I really shouldn’t be surprised by these things, and yet I am…

I don’t really watch that much TV–House, Desperate Housewives, a little bit of Supernanny, and Grey’s Anatomy (although based on last season’s ridiculousness, that might be up in the air. But I digress). My complaint/question/query has to do with the latter.

In preparation for the new season (and the release of season 3 on DVD), I’ve been recapping season 2. (Hey, labor Day, long weekend…I needed some chill time here. :)) So last night I watched and episode where the OB/GYN has a patient with seven kids, who is being admitted for a C-section.
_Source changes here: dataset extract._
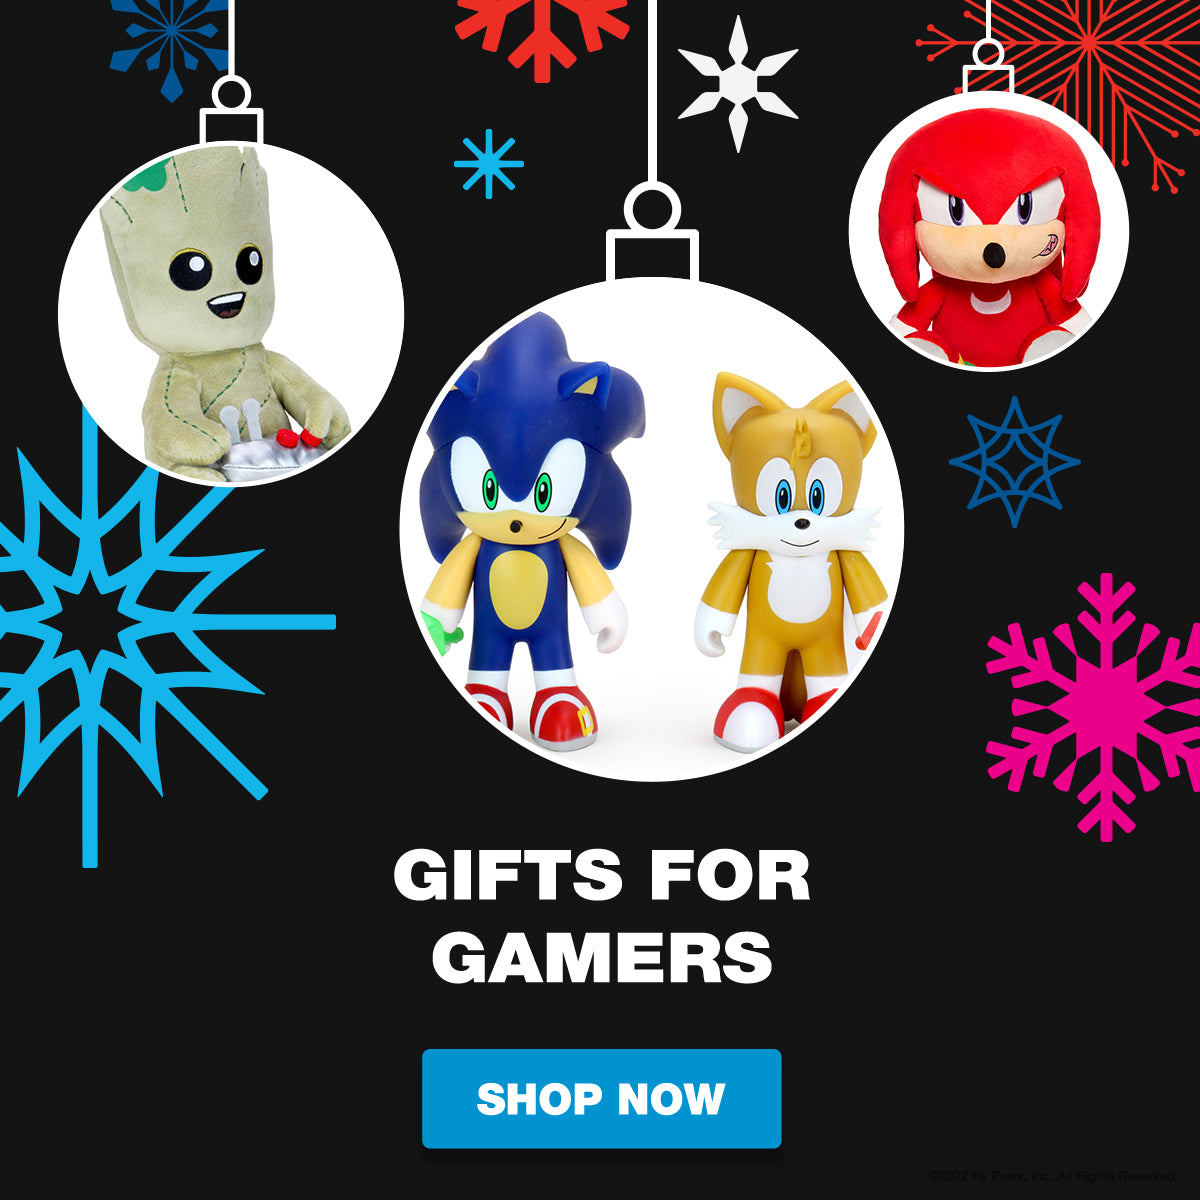 Gifts for the Gamer - Video Game gifts

After her husband and kids go to find some ice cream, Rose (the patient) tells Addison (the doctor) that she wants to have her tubes tied while she’s having the C-section, because she doesn’t want any more kids. Addison suggests birth control. Rose says (shock!) she’s Catholic and it won’t work, because her husband doesn’t think you can “pick and choose” what you believe. And, of course, the husband is then cast as eeevil, forcing all these children on his poor wife, who’s been hospitalized for dehydration, exhaustion, etc. Rose also says that if her husband foudn out about the pills or the tube tying, she’d lose her marriage (to which Karev, the blunt to the point of pain surgical resident, says, “why? He won’t divorce you.”).
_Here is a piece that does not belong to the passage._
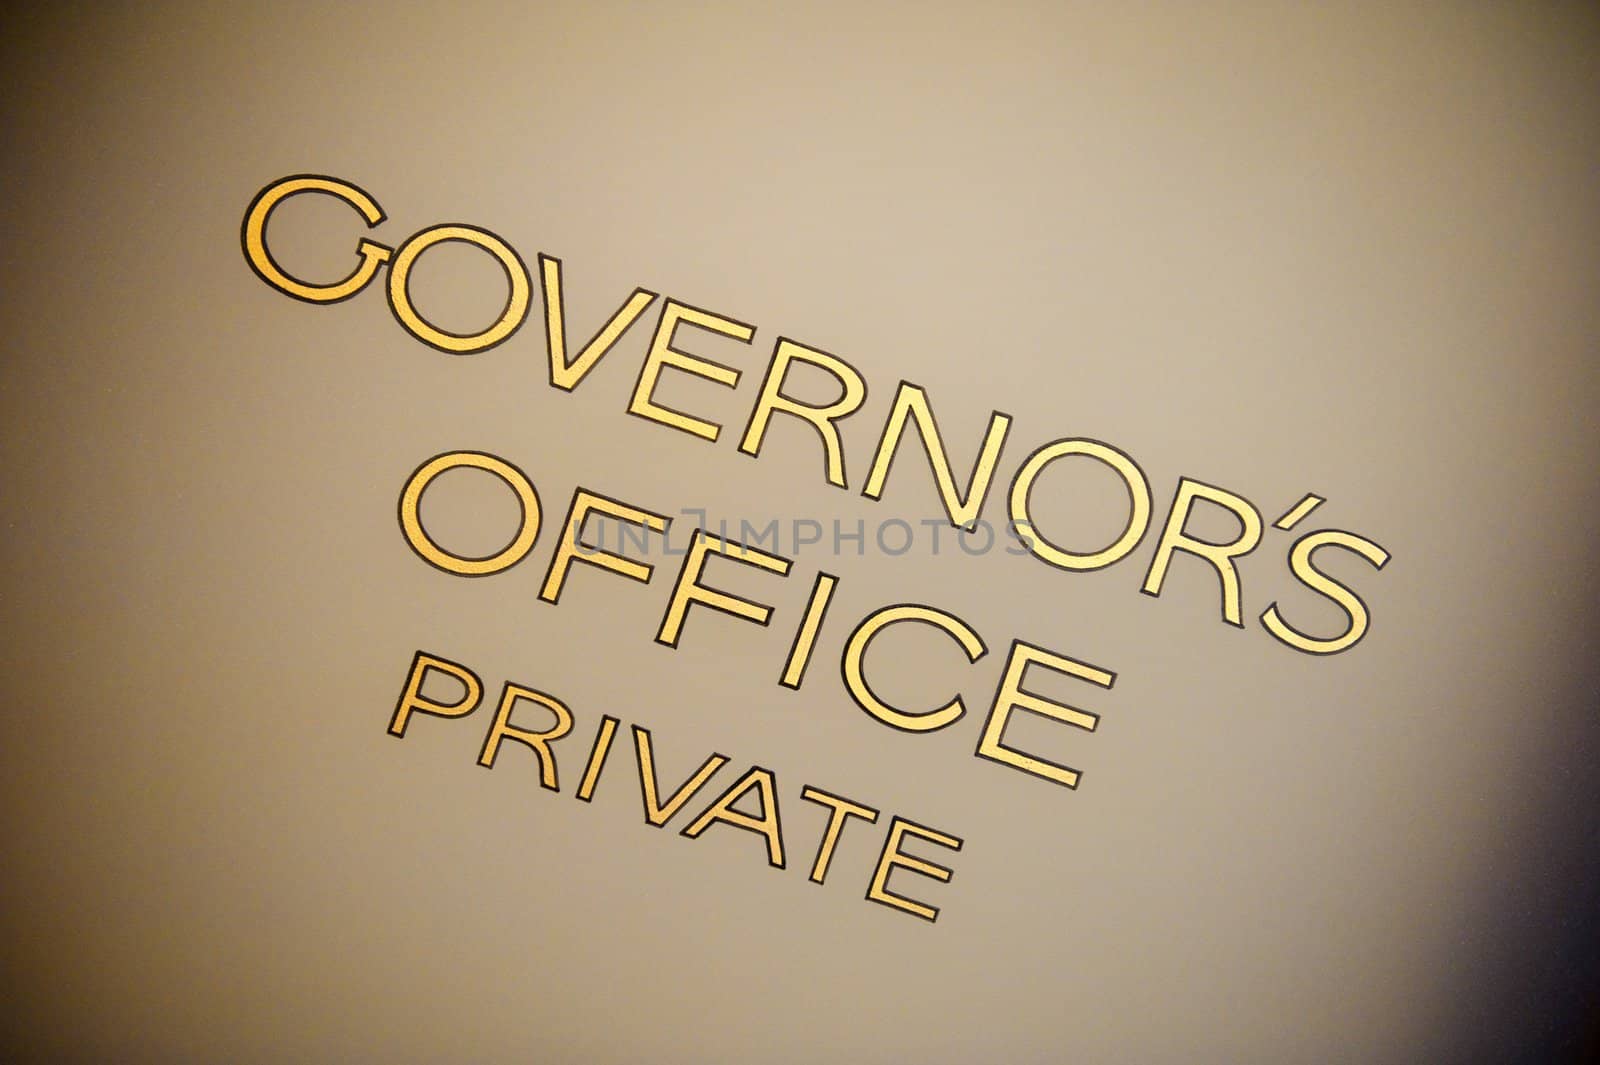 Old, hand painted lettering on the governor's door marked as private

So as usual, faithful Catholics are seen as crazy people and Catholics, in general, just see women as baby-making machines. She talks about how they didn’t have sex between their seventh child and the current one for three years. Um, sorry, but that’s not what the Church means by NFP. You abstain during periods of “fertility”, and last time I checked, a woman wasn’t fertile for 3 years STRAIGHT.Um, hello. Basic biology tells us that. It also seems like this woman is a little wimpy and not talking to her husband about her concerns. They should talk to a priest, a pastoral minister, whatever, and get the real deal on NFP. You are NOT just supposed to have kids wily-nily. That’s not what the Church teaches.

Of course the show doesn’t deal with any of this. Rose tries to blame their issues on their religion and her husband, but Karev says that she doesn’t get to “blame her husband and pin this on the Pope.” (He got a lot of good lines in this episode)

Addison does tie her tubes, over Karev’s objections, and the husband may sue the hospital because Karev told him that the “complication” (as Addison and Rose put it) wasn’t really a complication. I don’t think anything ever came of it, but I’m not totally sure.

Just another instance of how Catholics get misunderstood in the media all the time. And the thing is, it’s not even innocent anymore. I’m not expecting to find EWTN stuff on ABC on Thursday nights. I’m really not. But some accuracy, something other than working off blatant stereotypes without evening checking to see what the real position is, would be nice.